Fluhr also reports that the overhead speakers in particular are another plus that worked out well in numerous scenes in Planes: Fire & Rescue. “Now in flashback sequences, sound can come at you from above or behind,” he says. “There are countless scenes when we’re using the entire sound space and other scenes where it’s strictly on the screen. I was able to immerse the audience in the orchestral soundscape and take sounds off the screen so we’re not sharing the same “sonic” real estate. It’s like wiping down a dusty computer screen – there’s so much more detail revealed. The perception of sound imaging is incredible, and it really allows you to increase the emotional value.”
Music also benefits from an Atmos mix. The score was made up of a full live orchestra, and rock music and vocals. “The bigger gains in Atmos is the use of music,” says Fluhr. “With vocals and individual instrumentation and choirs, it creates a very interesting experience. We used it all on Planes.”
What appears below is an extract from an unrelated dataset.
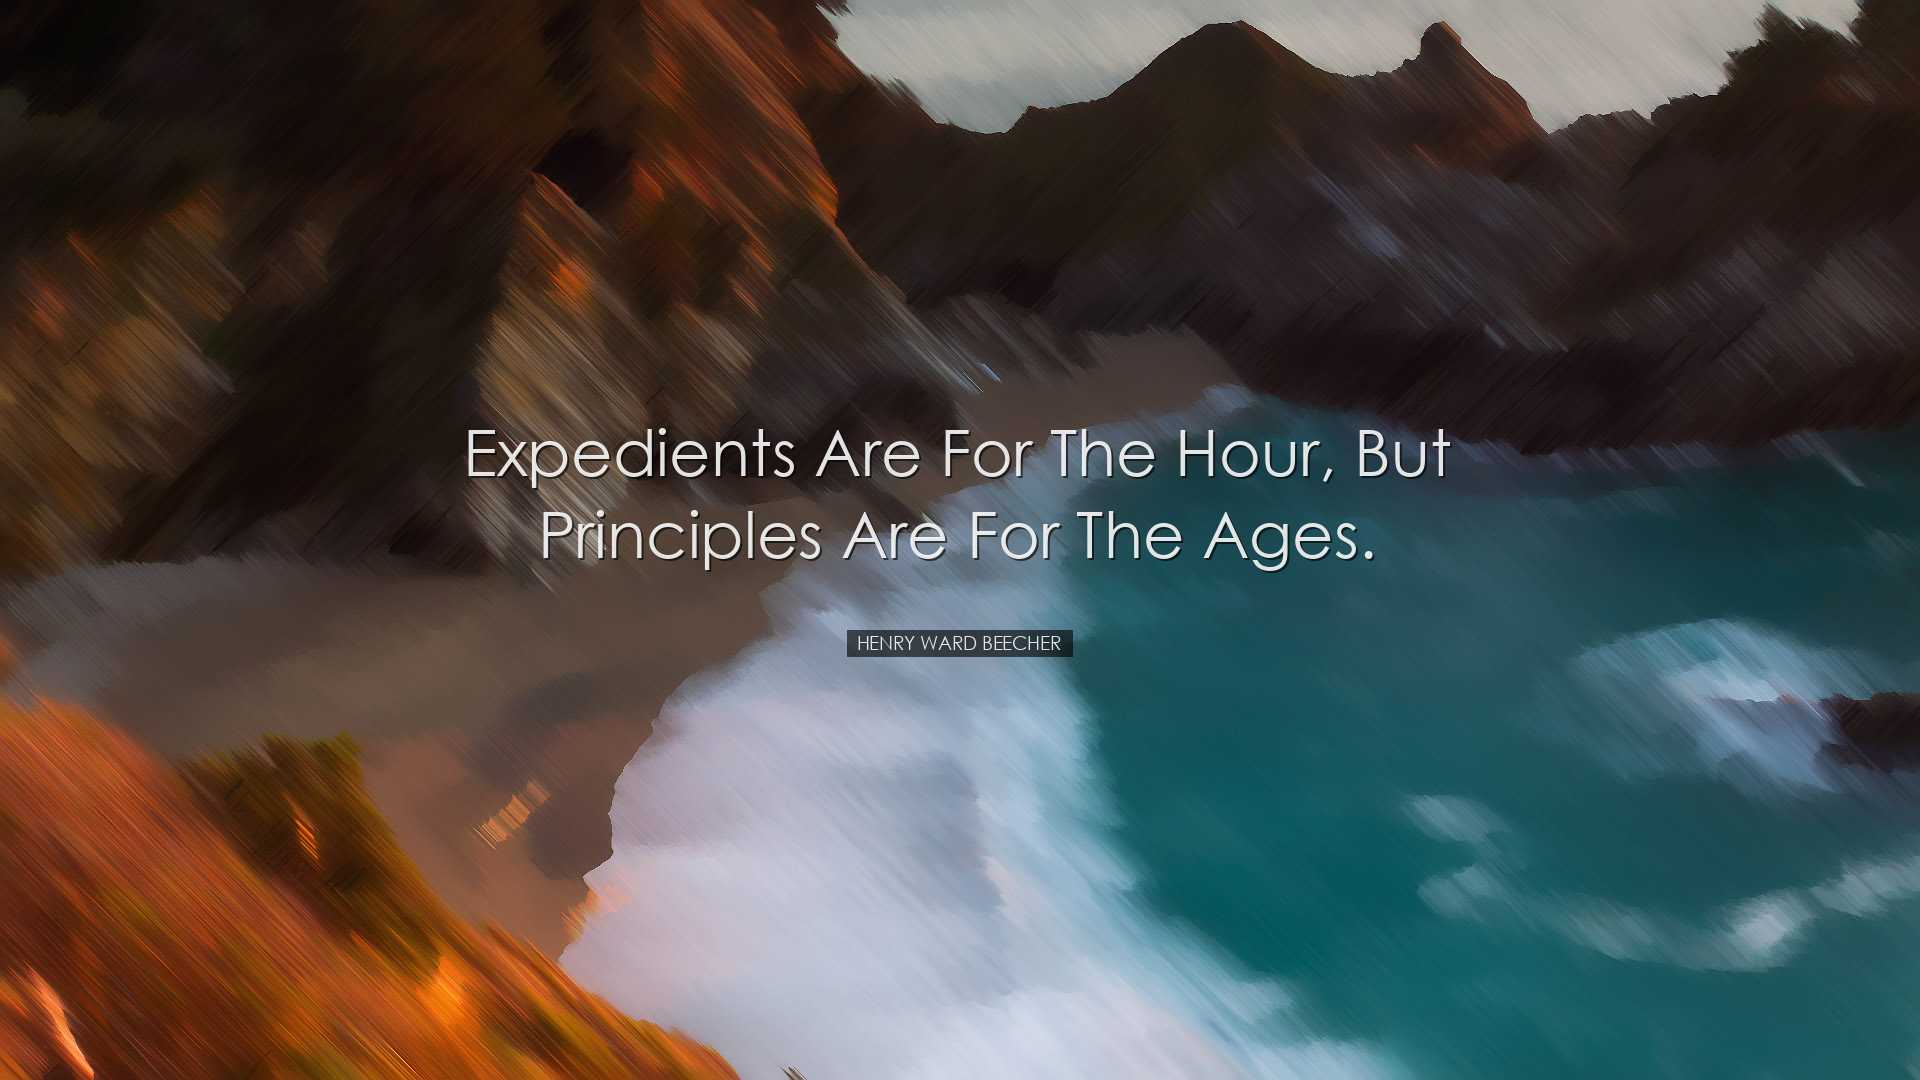 Expedients are for the hour, but principles are for the ages. - He
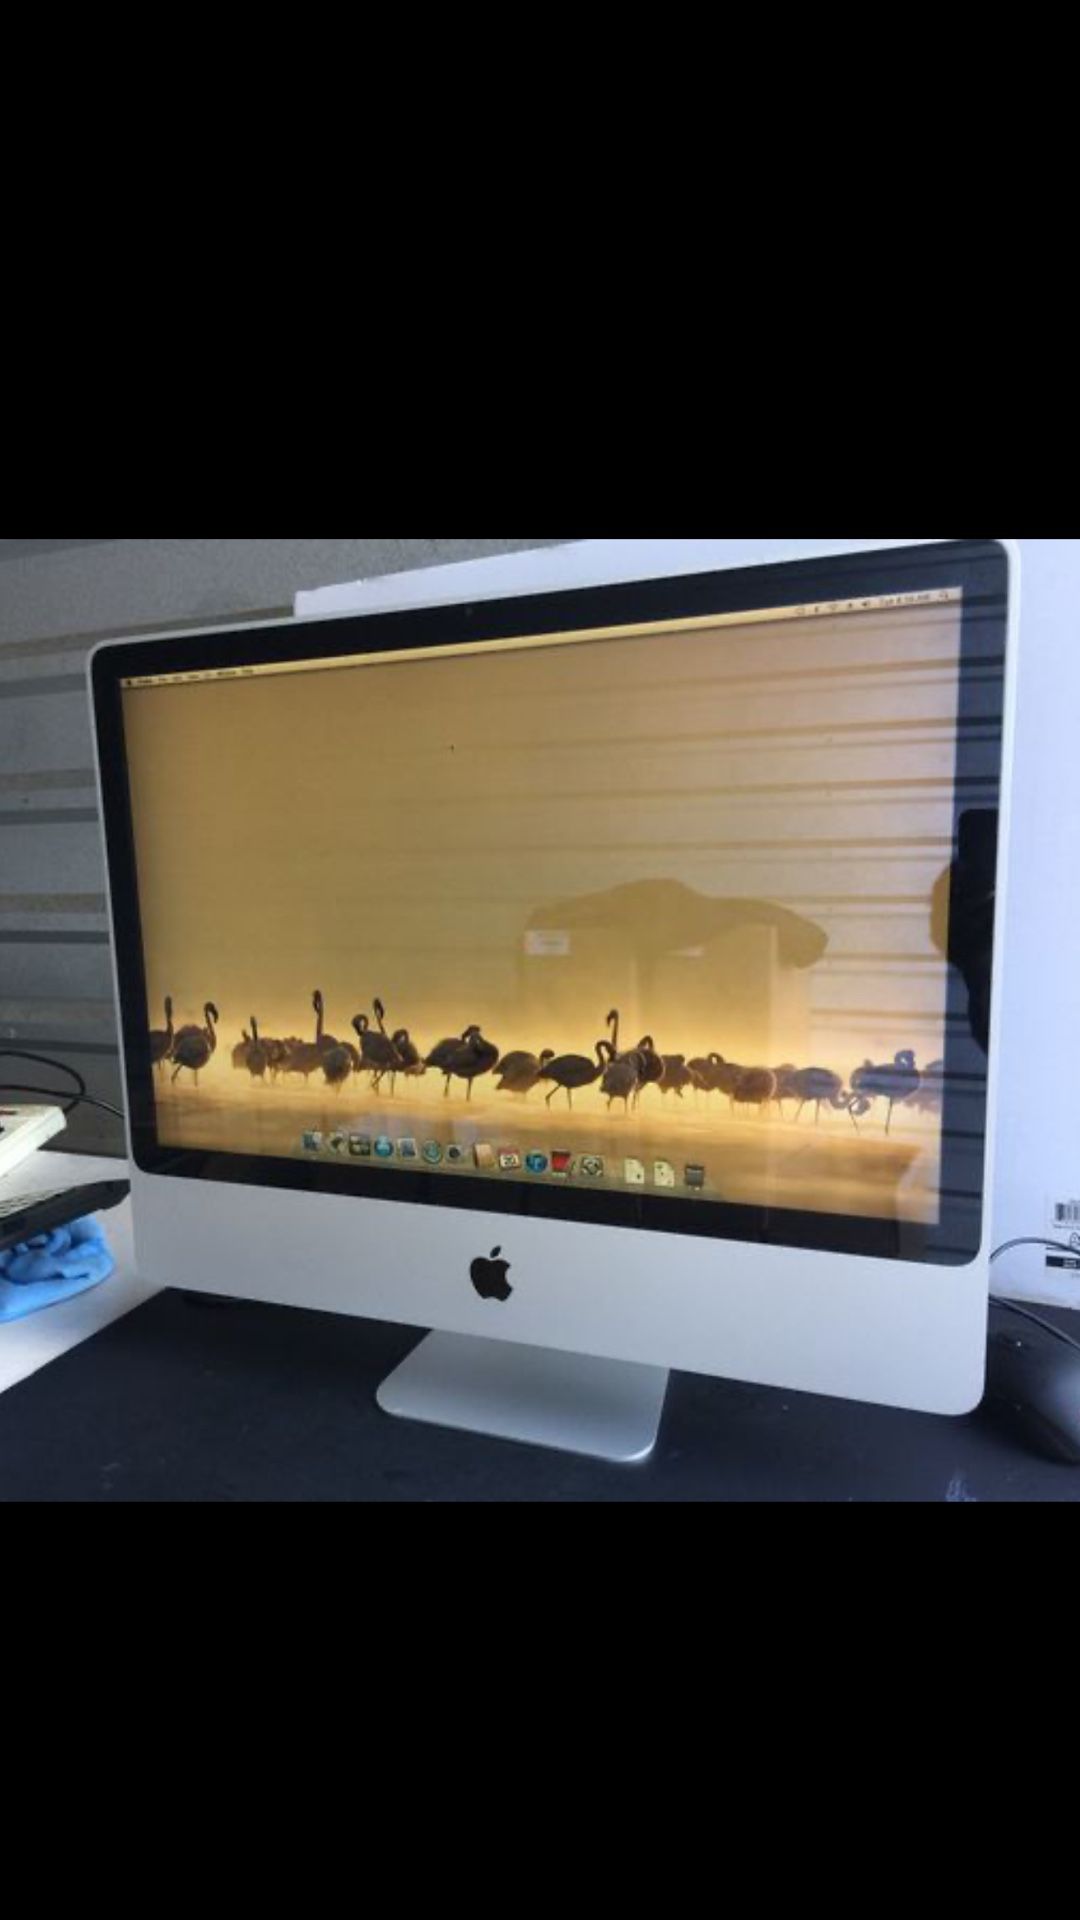 24” large screen All in one Apple iMac with black mouse and keyboard Mouse and keyboard the black one in the last picture It’s in excellent w

“A lot of pre-planning went into designing Planes: Fire & Rescue,” says Fluhr. Pre-planning was also important to enable the mixers to do a complete virtual mix, which meant that no pre-mixes were recorded. “With a pre-dub to a smaller number of channels, it’s not a large palette of tracks,” Fluhr says. “You’re tied into your choices. With Planes, we were mixing with all 1,000+ channels live on the stage. That requires a huge amount of horsepower and a lot of management, but that’s the key to mixing in Atmos: planning everything in advance and working within a system. And with the way Brian Saunders and the terrific engineering team at Disney designed our facility all this and more is possible.”
“With the Atmos Experience, people are exposed to sound in a way they’ve never been before,” he says. “Once filmmakers have heard it, they fall in love. Still, we have the responsibility to make the traditional 7.1 and 5.1 versions as good as possible because most people around the world will hear it that way.”
Switching to Atmos has created so many new possibilities that it’s been a learning curve. But everyone at Disney Digital Studios’ has embraced the tools for improving the aural experience of storytelling. “We can bring this creative palette to work in different ways on a variety of films,” says Saunders, who reports that every creative mixing space on the Disney lot will be Atmos-capable by Fall 2014. “Disney is very supportive of its filmmakers’ creative choices with systems such as Atmos. We’re great believers in helping expand the creative options that enhance our audiences’ experiences with our films.”
“Everyone is happy and excited how the mix for Planes: Fire & Rescue came out,” adds Hall. “Now it’s all about delivering this film to audiences around the world theatrically and in the home. We hope they get to experience this film in a way that allows them to enjoy the great care and creativity that went into making it.”